In the second case, I really wouldn’t blame myself because I was completely out of my mind, I was afraid because I realized that I got phished immediately, and I didn’t know what the exploiter had access to, so I trusted the wrong guy.
I lost 90% of my holdings in that wallet, but I still could save some things that were important to me, and here is where I want to make a case:
A wallet is increasingly becoming an online identity, beyond onchain even.
In that wallet, I had all my onchain identities: my ENS, Blast domain, Avvy domain, all the articles I had saved on Mirror. I recovered everything because nor the exploiter neither the scammer saw value in those (luckily), but this made me really aware of the risks users take when they decide to have “one wallet = every dapp”.
This paradigm was a necessity in 2017-2020, when embedded and smart wallets were not out for the public. But now that we have all this tech available to fragment our identity, I appreciate it.

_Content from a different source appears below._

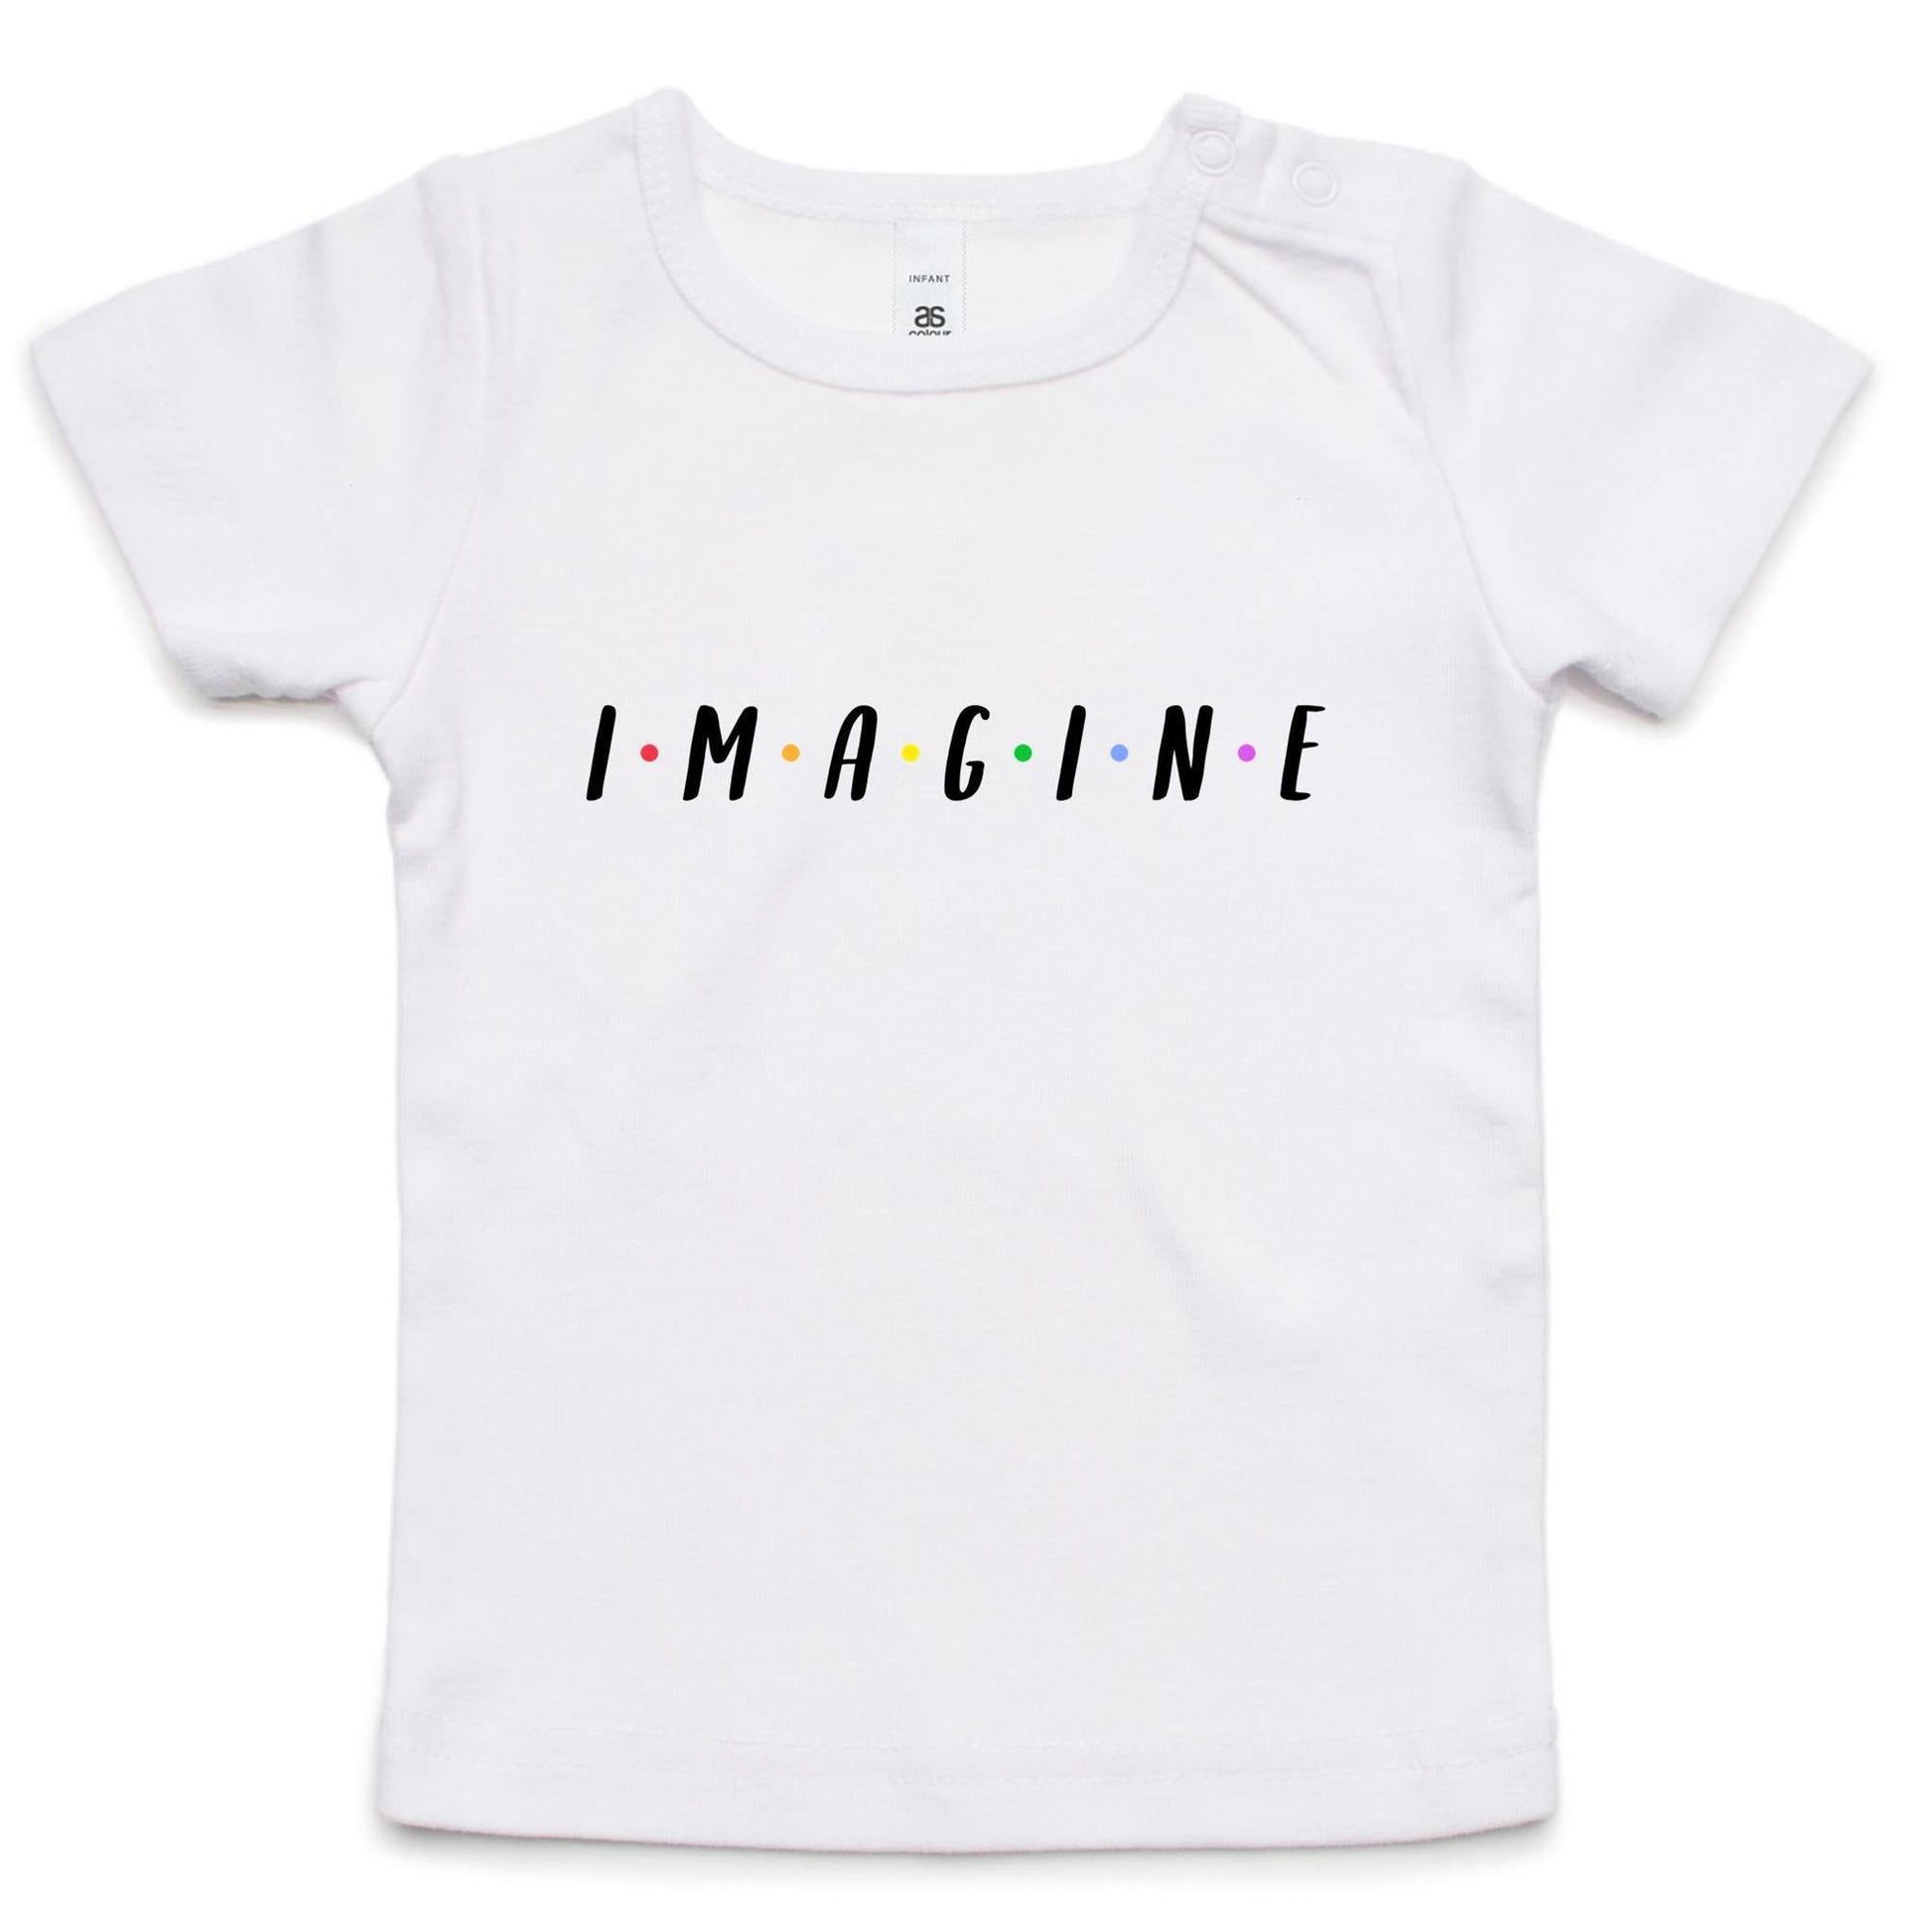 Imagine - Baby T-shirt White Baby T-shirt kids

For this reason, I started creating other wallets, one for each general purpose (tokens, NFTs, identity) and then start preferring non-custodial, embedded wallets or smart wallets for each app as opposed to one wallet for everything.
A couple of years ago I would’ve gone crazy managing all these EOAs, but now it’s all very much simple. I created my Zora embedded wallet for NFTs for example, and every time that I see that that wallet has some valuable NFTs I don’t want to lose, I send them to my cold storage. I now check this, because I didn’t do it before.
And also, the Trump election while I was flying to Bangkok for DEVCON didn’t help either. In fact, I had many coins that were worth tens of dollars, and in a few days got worth hundreds, because of the pump. To me, I didn’t lose the 10,000$ or so that was worth in that wallet at the time I got phished, but much less, some 5-6k, because that was my perception of the worth of that wallet.
It got frozen, in the chaos of DEVCON in Bangkok.
And the money, believe me, wasn’t the issue - I wasn’t worried about the money, but as I said, about the onchain identity. And the affection / love for what it was there, all the memories associated with NFTs I minted, coins I bought that then rugged (I still got a very tiny fraction of Snowdog to remember the wild bull run of 2021!), and everything else in between.
It held my story, and now that wallet is gone. Not just mine anymore. Mixed with someone else’s history of theft.
——————
Security is a spectrum, so I won’t go and close everything I do and put everything in cold storage just because I had this happening to me.
First, it’s the first time this happened to me in more than seven years of being onchain and doing tens of thousands of transactions, so it’s kind of okay if you think about it. For the volume of transactions I had, it could have been worse. And that’s because I’m always very careful, and this would surely not have happened if I was at home, simply because I get many phishing and scam attacks every day via email or on X, and I never fall for them. But I was in a very fragile state of mind in that moment.
So of course I have increased my security requirements, but I have not made them so hard to apply that they’re forcing me to do nothing. They’re there to help me be safe as much as I can.
And that what I’ll do going forward.